31 providers, one interface.

Anthropic, OpenAI (11 SKUs incl. gpt-5 / o1 / o3 / 4o), OpenRouter (×5 vendors, one key), Groq, Together, and 11 Ollama Cloud models. Swap providers with a flag; your code and keys stay on your machine.

provider switching

# Switch providers with one flag
$ merlin --provider claude "Refactor auth"
Using claude-sonnet-4-6 via Anthropic
$ merlin --provider ollama "Refactor auth"
Using qwen3-coder:480b via Ollama Cloud

Plugin architecture

Every tool is a plugin you can swap.

Bundled plugins cover filesystem, code search, shell, git, spec-sync, snapshots, runtime checks, media, in-loop sub-agents, and the Discord + Telegram bridges. Write your own in any language; it's just a binary that speaks JSON-lines over the fledge-v1 protocol.

fledge.toml

[merlin.tools]
files = "plugins/fledge-plugin-files"
search = "plugins/fledge-plugin-search"
git = "plugins/fledge-plugin-git"
specsync = "plugins/fledge-plugin-specsync"
vision = "plugins/fledge-plugin-vision"
# Add your own. It's just a binary

Sub-agents

Delegate work without filling the parent's context.

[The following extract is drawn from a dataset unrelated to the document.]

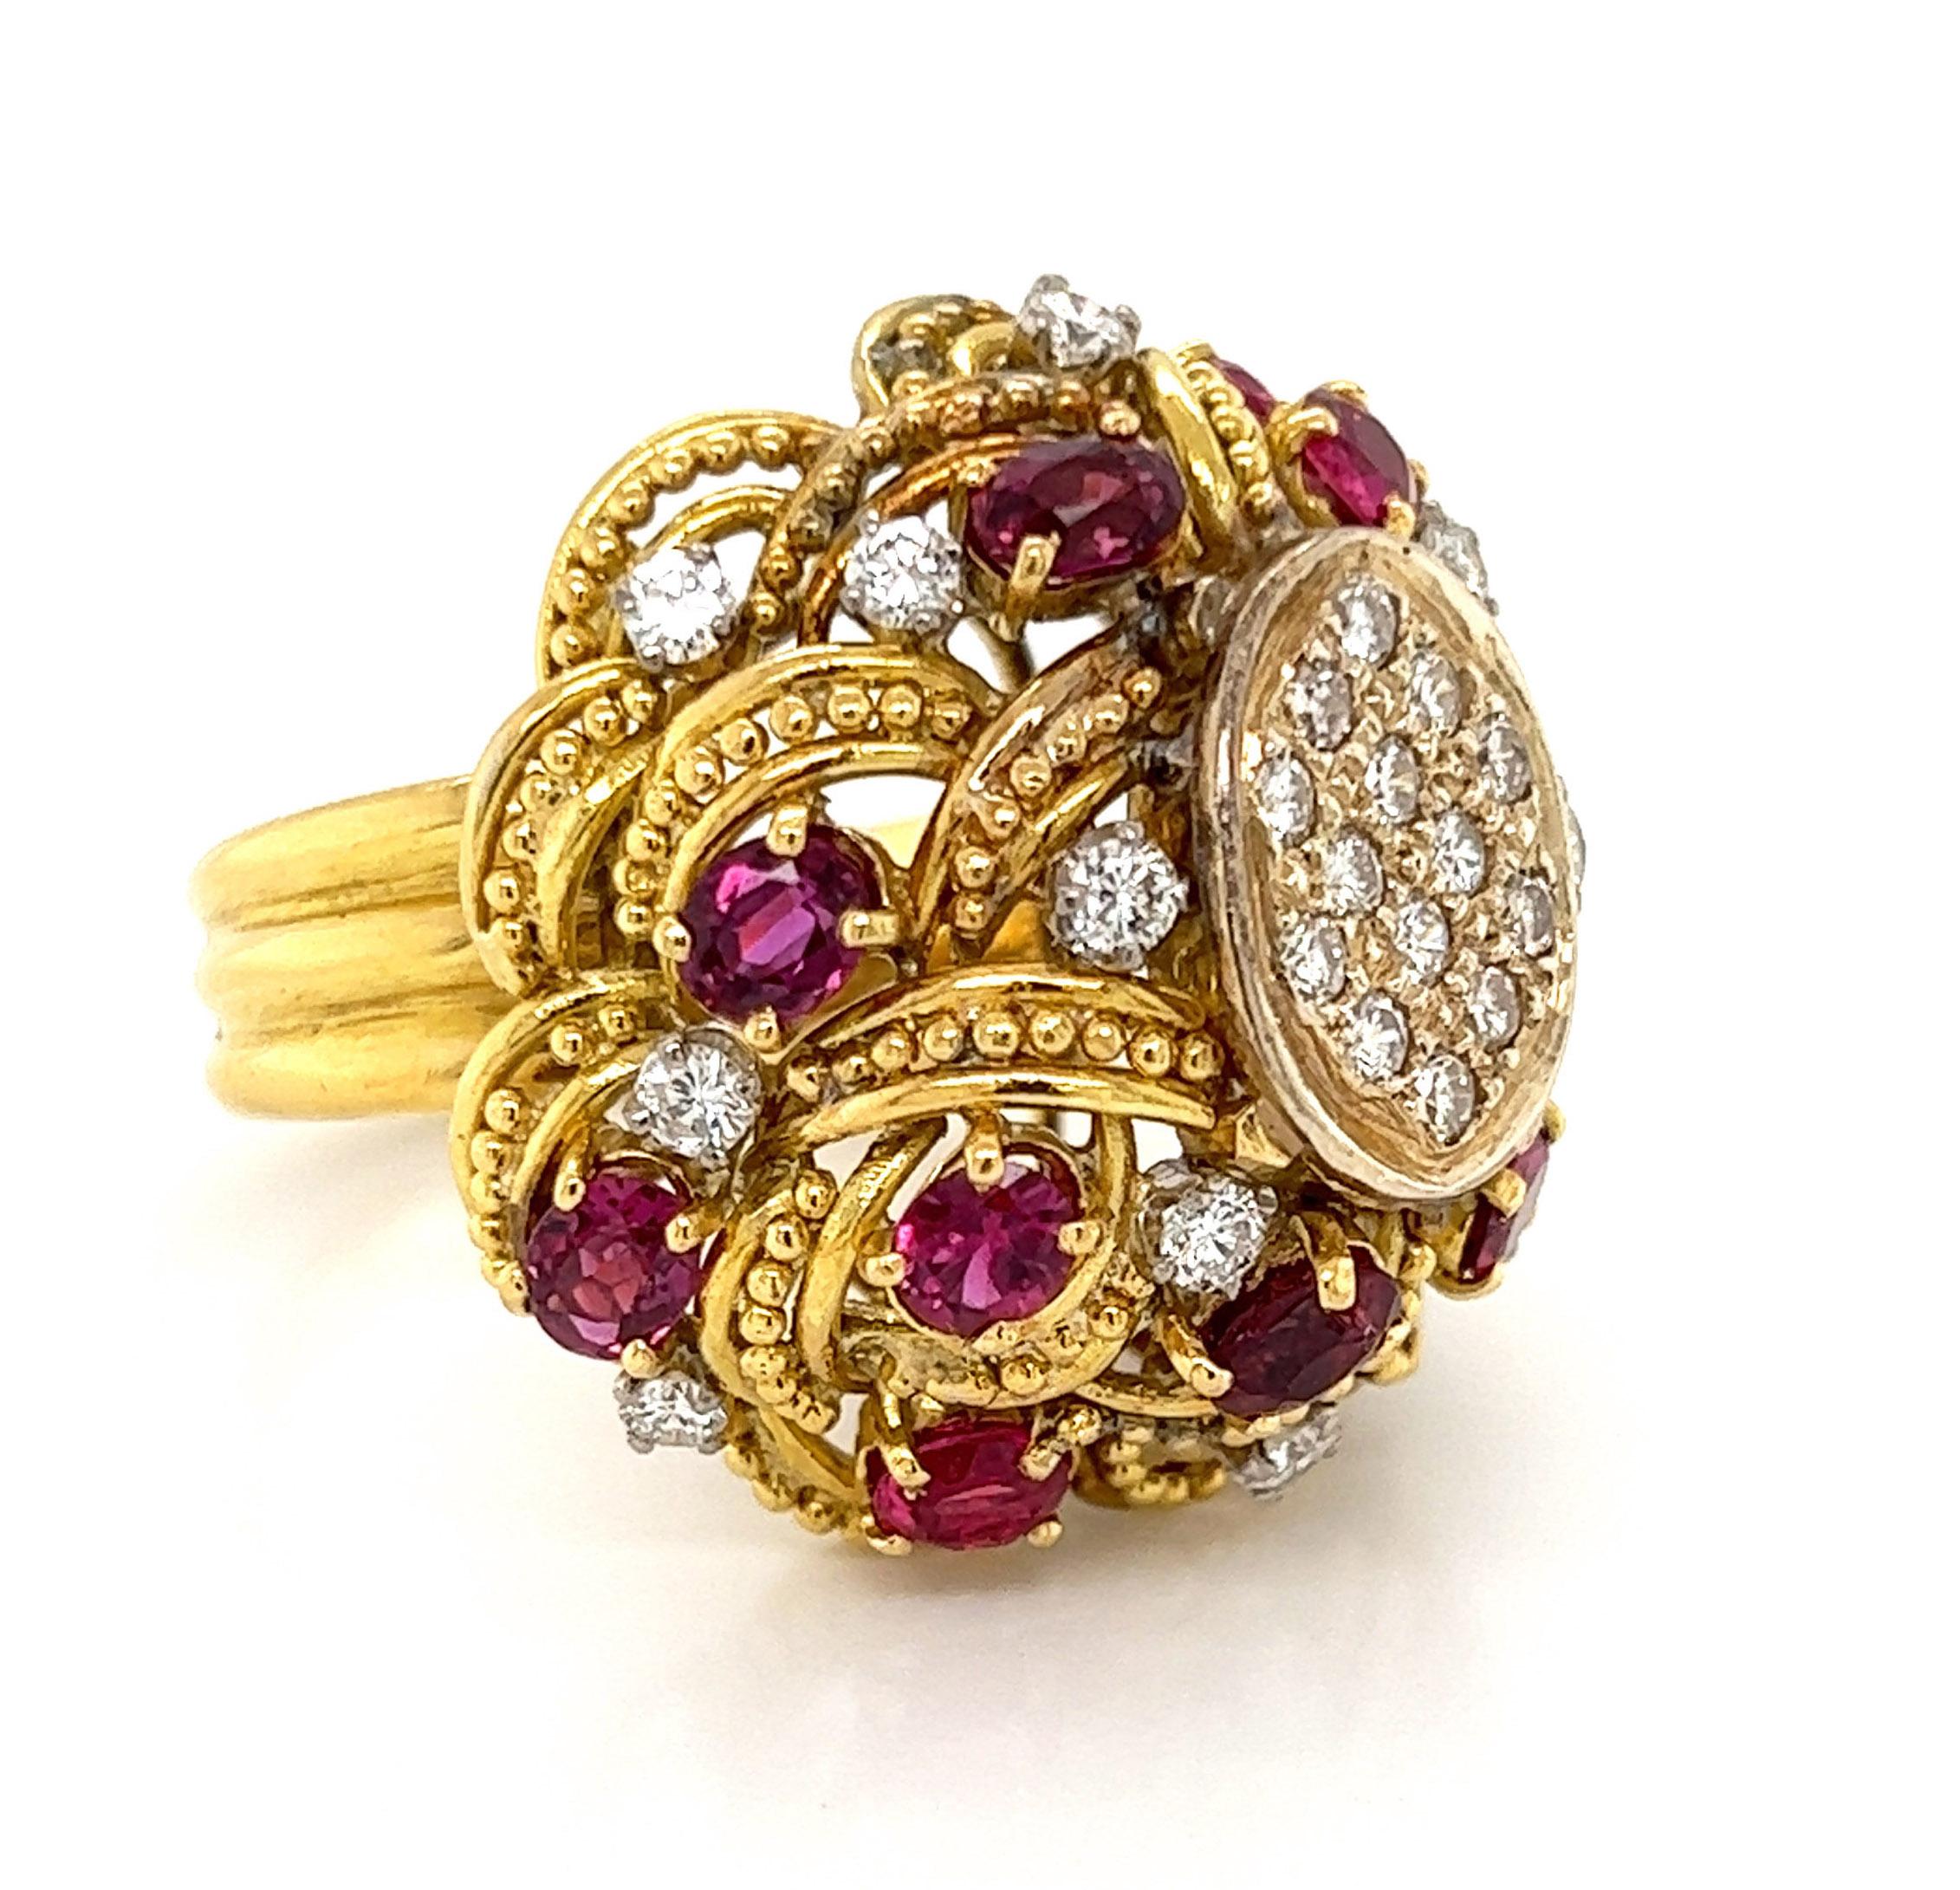 This particular ring is crafted from 18k yellow gold with a large dome shape fashioned from layered lace like pattern with small beads across each loop and has small open space between each layer. Around the dome has round cut rubies in yellow gold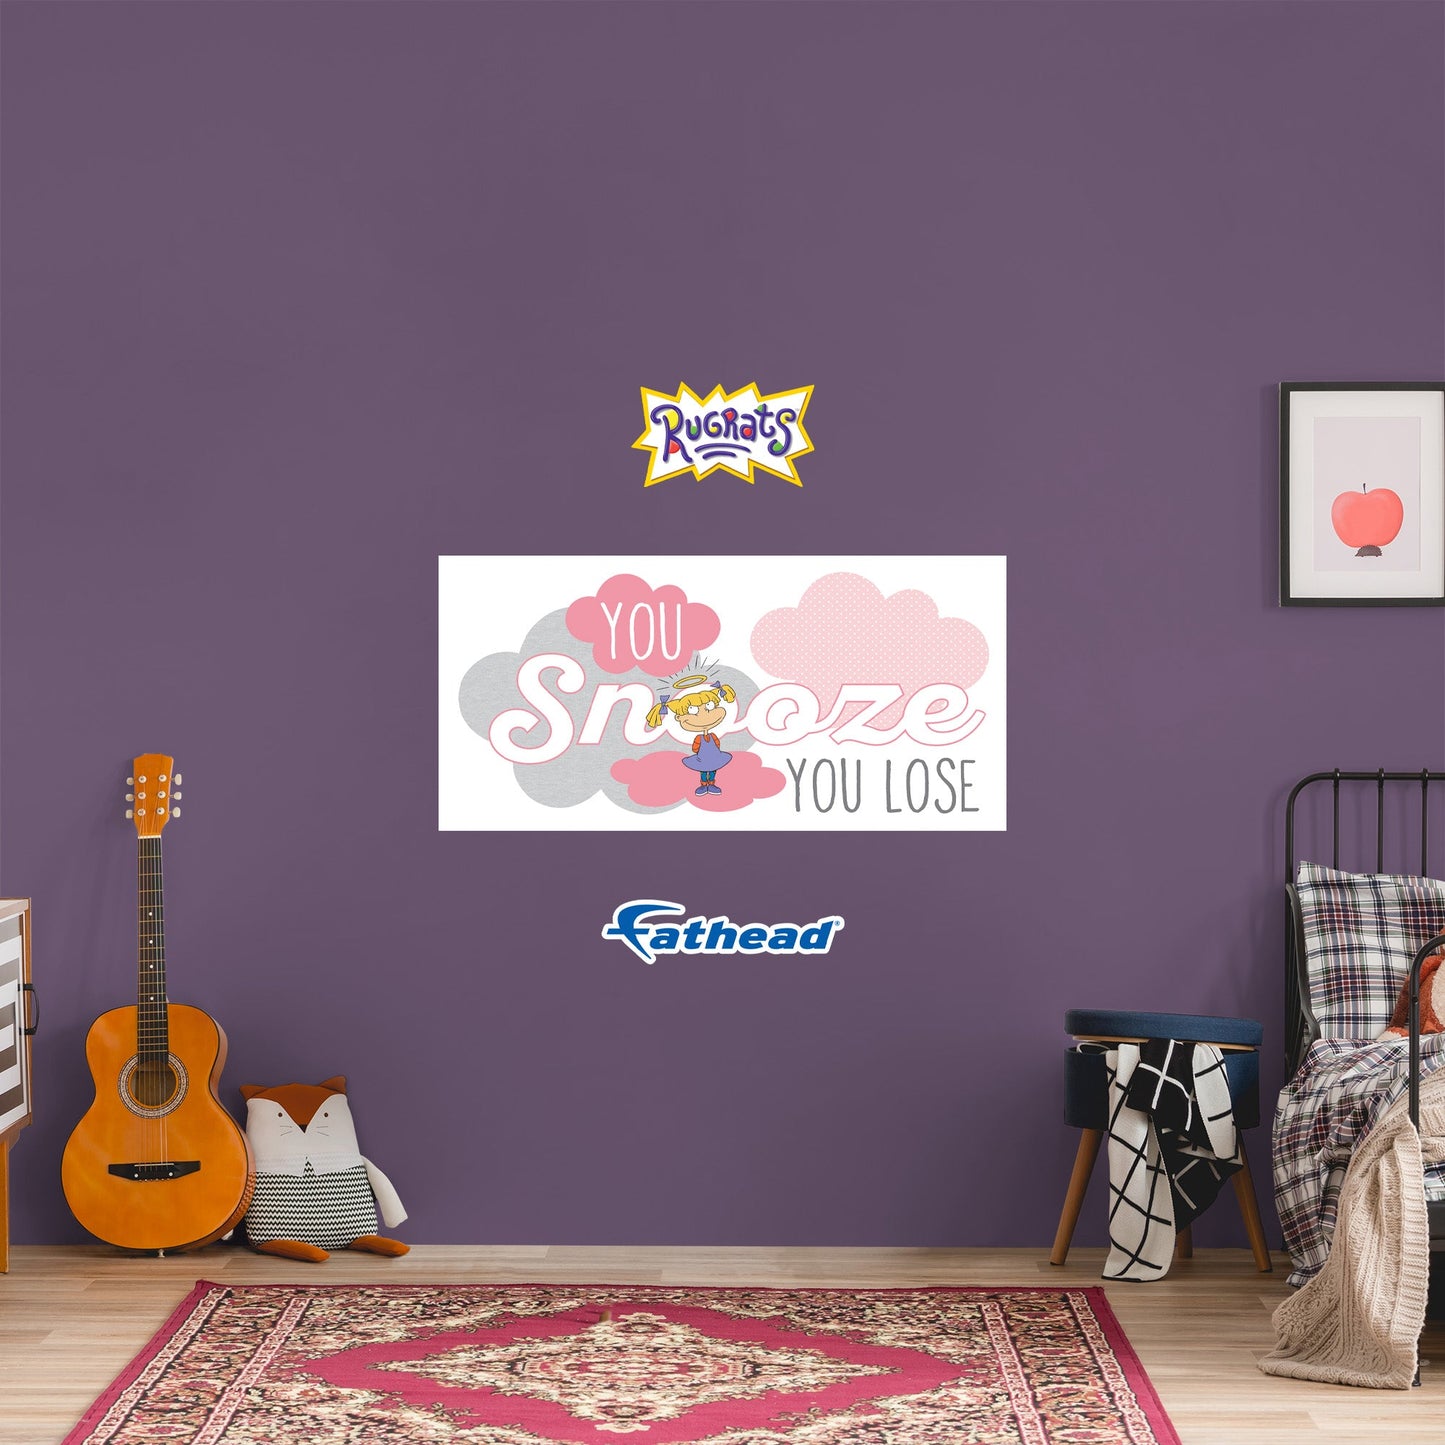 Rugrats: You Snooze You Loose Poster - Officially Licensed Nickelodeon Removable Adhesive Decal

subagent-spawn hands a self-contained subtask to a child Merlin process. The child runs its own full loop and returns a compact JSON envelope; the parent's working memory stays small no matter how wide it fans out. Default tier is tool, recursion is capped at depth 2.

subagent-spawn

# Sub-agents keep the parent's context small
$ subagent-spawn { label: "summarize-files", ... }
⚙ subagent-spawn [7.0s] ✓
{ ok: true, depth: 1, tier: "tool",
tool_calls: 1, input_tokens: 8312, output_tokens: 42 }
# Parent saw ~250 tokens, not the whole file

Media plugins

Agents that can see and hear.

The vision plugin sends images to a local Ollama model and returns descriptions. The voice plugin transcribes audio with Whisper and synthesizes replies. The same agent loop, with new senses; bridges save attachments where these plugins can find them.

vision + voice

# Agents that can see and hear
$ vision-describe "/tmp/screenshot.png"
A web app login form with email + password
fields and a blue Sign In button.
$ voice-transcribe "/tmp/voice-note.ogg"
# Same agent loop, new senses

Bridges

Run Merlin from Discord and Telegram.

First-class bridges so your team can @mention Merlin or run slash commands from any channel. Reply chains become threaded sessions, live progress shows the active tool, and each channel keeps its own session context. Image + voice attachments route through the media plugins automatically.

bridges/discord

# Talk to Merlin from your server
@Merlin refactor the auth middleware
Merlin (openrouter | claude-sonnet-4-6)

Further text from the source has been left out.